Баасовцы заставили совершенно обнаженных узников-мужчин наклониться. Едва те коснулись колен руками, как надзиратели – Никбат, Старый Сержант и другие, кроме Кейса и Хасана, сели на них верхом, а несколько других охранников подгоняли их кабелем и заставляли в таком виде делать круги на глазах у их жен и детей. Когда они проходили мимо стола охранника, женщины с мольбой в голосе говорили: «Ей-Богу, это – ужасно, это – грешно, это – непозволительно!».

Я закрывала глаза и с силой сжимала веки. Не могла поверить своим глазам. Я спрашивала себя: «Не видение ли это? Неужели то, что я вижу, – действительность?» Объятая ужасом, я призвала в свидетели глаза Фатимы. Затем я обратилась к ней со словами: «Фатима! Давай закричим! Какая низость! Эти бессовестные и бесчестные подонки глумятся над человеческим достоинством!» Фатима ответила: «Держи себя в руках, не забывай, где мы находимся, здесь – спецтюрьма».

Поскольку женщины были на большом расстоянии от нас, мы не понимали, что там происходит.

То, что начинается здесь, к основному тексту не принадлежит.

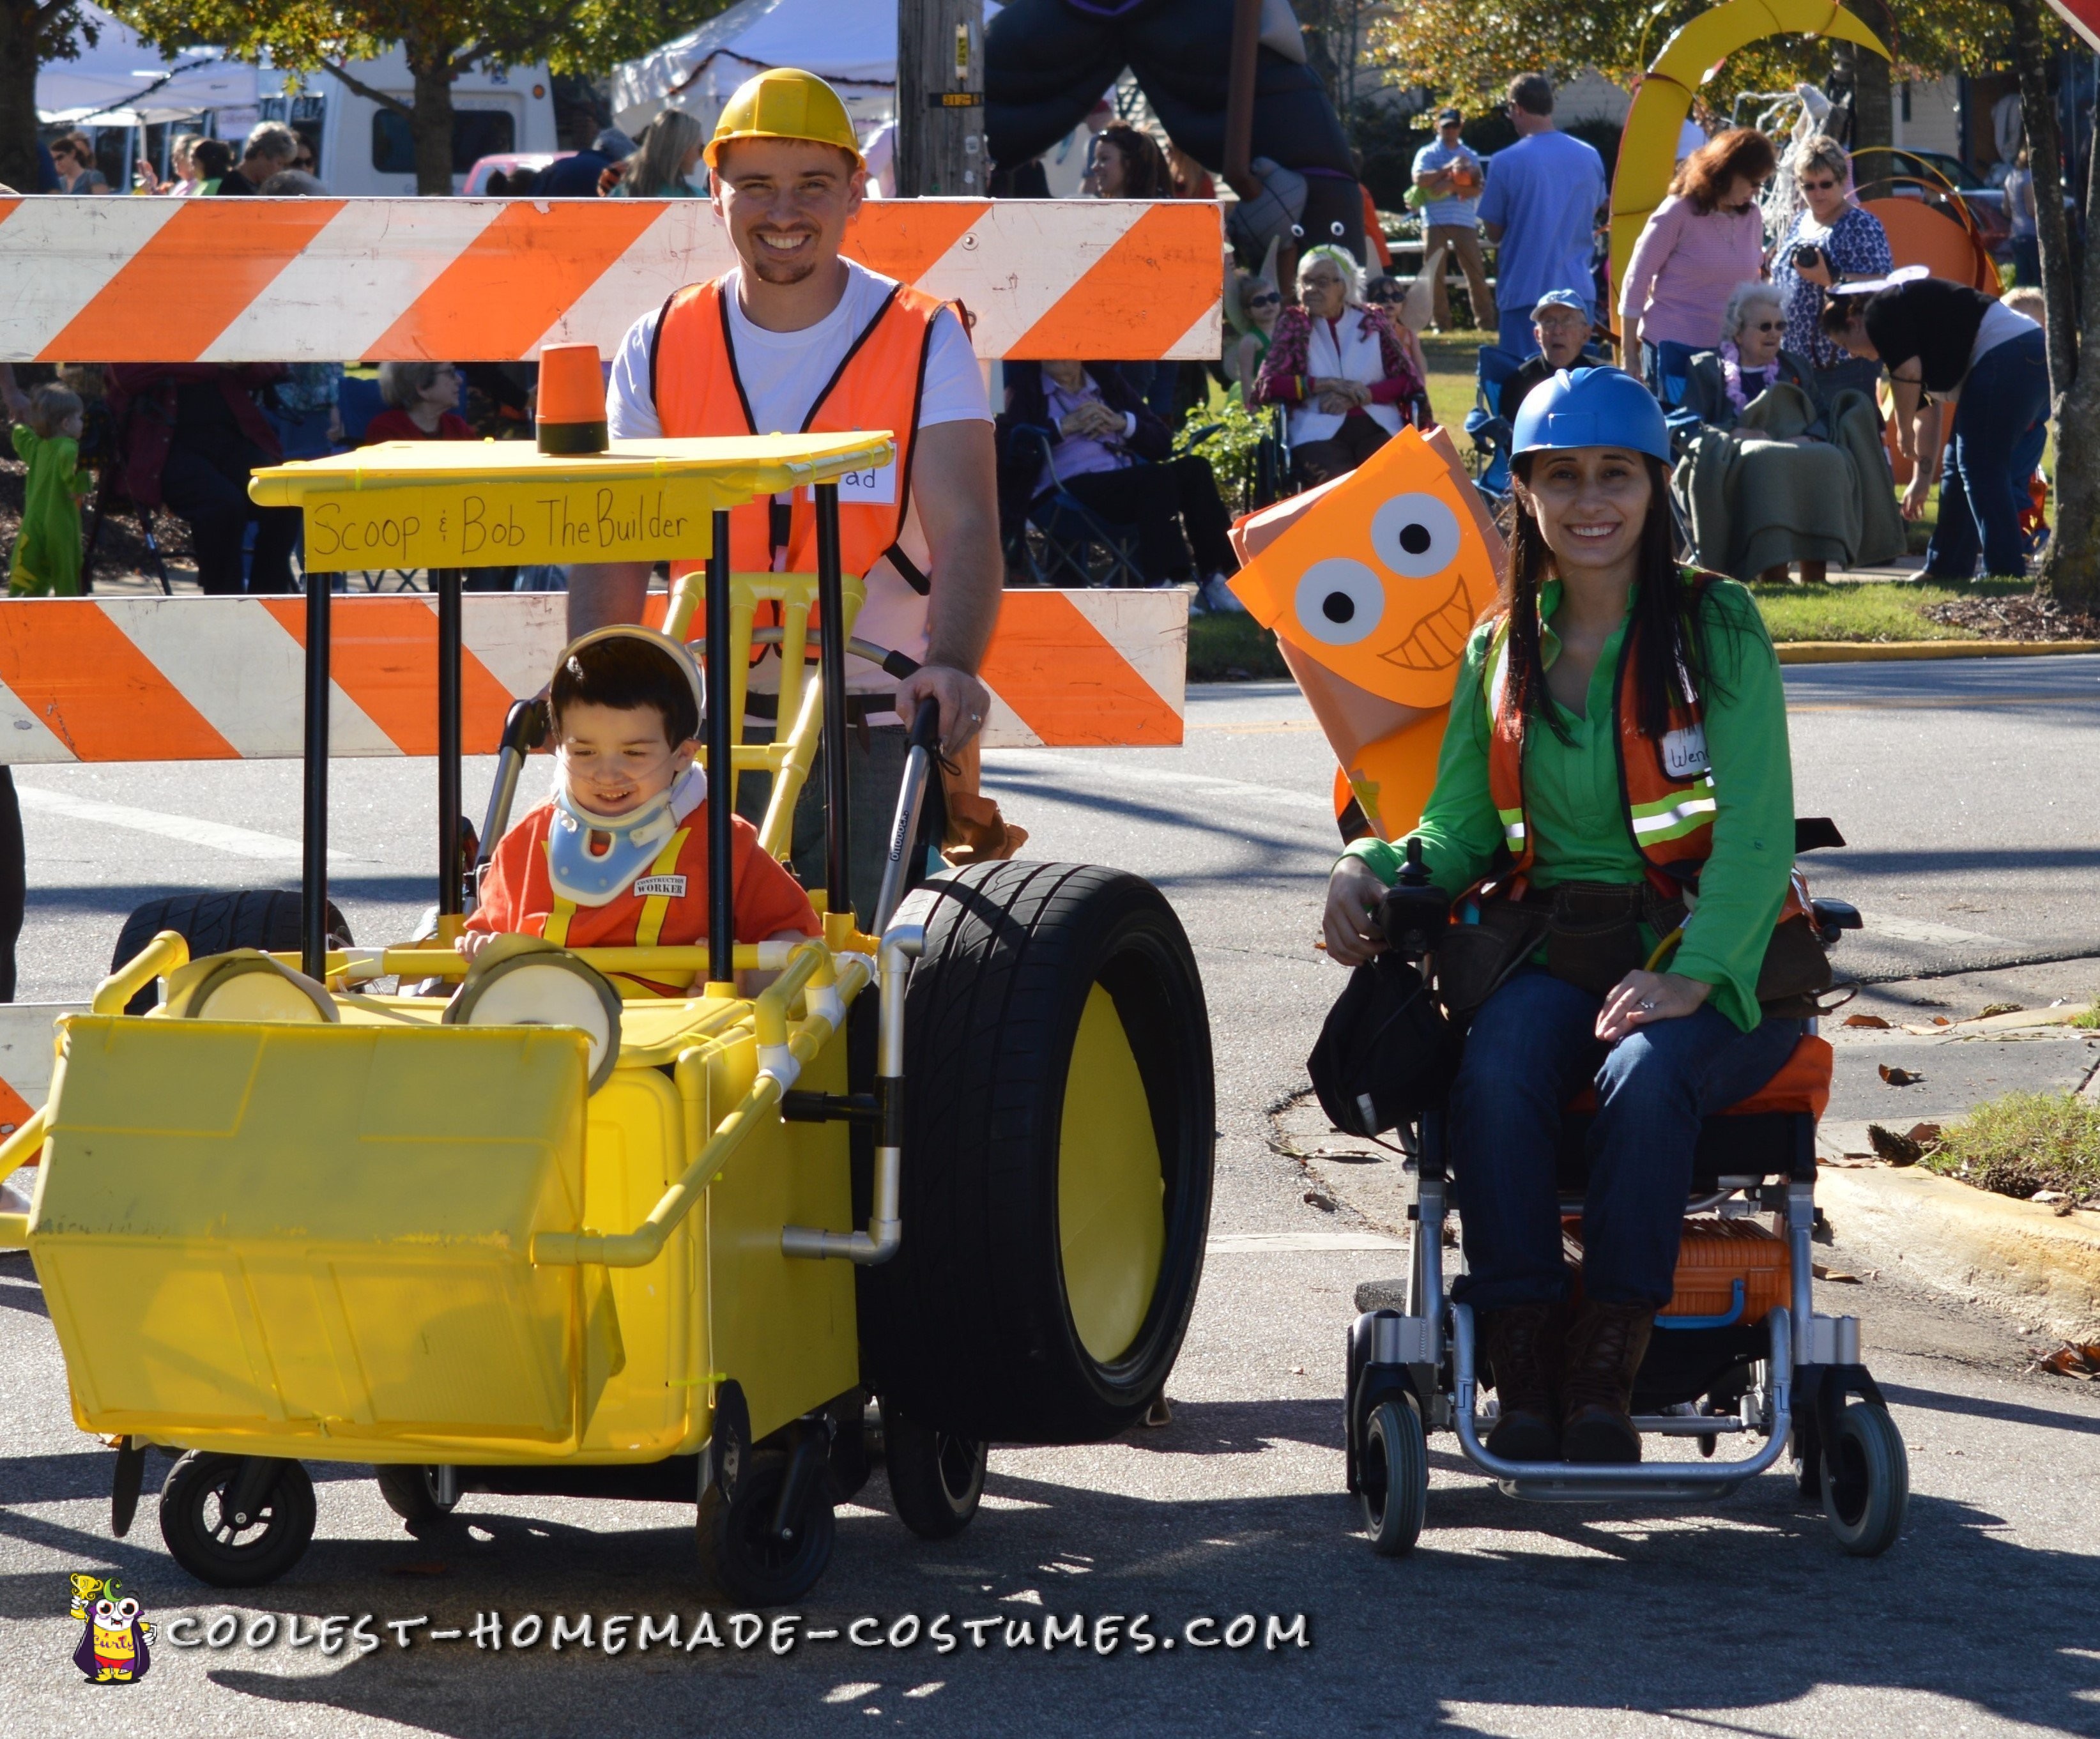 The Amazing Scoop and Bob the Builder Costume

Никакие доводы в мире не могли оправдать подобные зверства и низость. Совершение какого греха должно было повлечь за собой подобное наказание? Куда делась гуманность? Само пребывание в застенках – это страдание, единственным спасением от которого является свобода. Так почему же с этими пленными должны поступать подобным образом? Я желала, чтобы этой щели не было, тогда я не стала бы свидетелем подобных сцен глумления над человеческим достоинством. Мне хотелось найти в этих людях хоть каплю гуманности. От увиденных безжалостных и бесчеловечных действий баасовцев я пережила дикое волнение и шок, и в этой буре депрессивных эмоций меня, как разбитую лодку, бросало по мятежным волнам разбушевавшегося океана. В камере воцарилось гробовое молчание, и неописуемый ужас овладел нами. Никто из нас не мог вымолвить ни слова, ибо любое слово означало бы сумасшествие. Сцена, увиденная нами, была настолько унизительной, что нам было стыдно даже заново прокручивать ее в голове. Принимая во внимание всю гнусность и низменность врага, было чудом, что мы оставались живыми и невредимыми. Эта сцена приподнимала завесу со многих неопределенностей и давала ответы на наши вопросы, такие как «где мы?», «с кем мы имеем дело?» и «какая участь нас ждет?» Возможно, мы тоже стояли в очереди за смертью. Я вопрошала: «Как уберечь мне душу от этого безжалостного насилия?» Никто из тех, кто находится здесь, не может избежать своей горькой участи. Как части одной мозаики, я собрала все картины, увиденные мной за время пребывания в этих застенках, и конечная картина, изображающая суть баасовцев, оказалась до ужаса уродливой и омерзительной.

Каждую ночь я думала, что это – самая тяжелая ночь в моей жизни, однако теперь тяжесть, как оказалось, перешла все границы. Мне хотелось прямо там расстаться со своими глазами – я думала, возможно, таким образом я отдалюсь от увиденного и пережитого и забуду их, однако чем больше времени проходило, каждая последующая ночь становилась все более тяжелой и невыносимой. Я просила Всевышнего даровать мне терпение. Это было единственной вещью, которая успокаивала меня. Я непрестанно читала молитвы и, прося Всевышнего даровать терпение и уповая на Его милость, преодолевала трудности и невзгоды.

Мой мозг раскалился от шквала вопросов, на которые не было ответов. На какой стадии находится война? Я думала, что, должно быть, война закончилась, раз Саддам сводит внутренние счеты с моджахедами и мирными жителями. После последней увиденной мной сцены наша история показалась мне намного более горькой, чем я думала. Мы стали разговаривать об этом:

– Что сделают с нами баасовцы, если они не щадят свой собственный народ?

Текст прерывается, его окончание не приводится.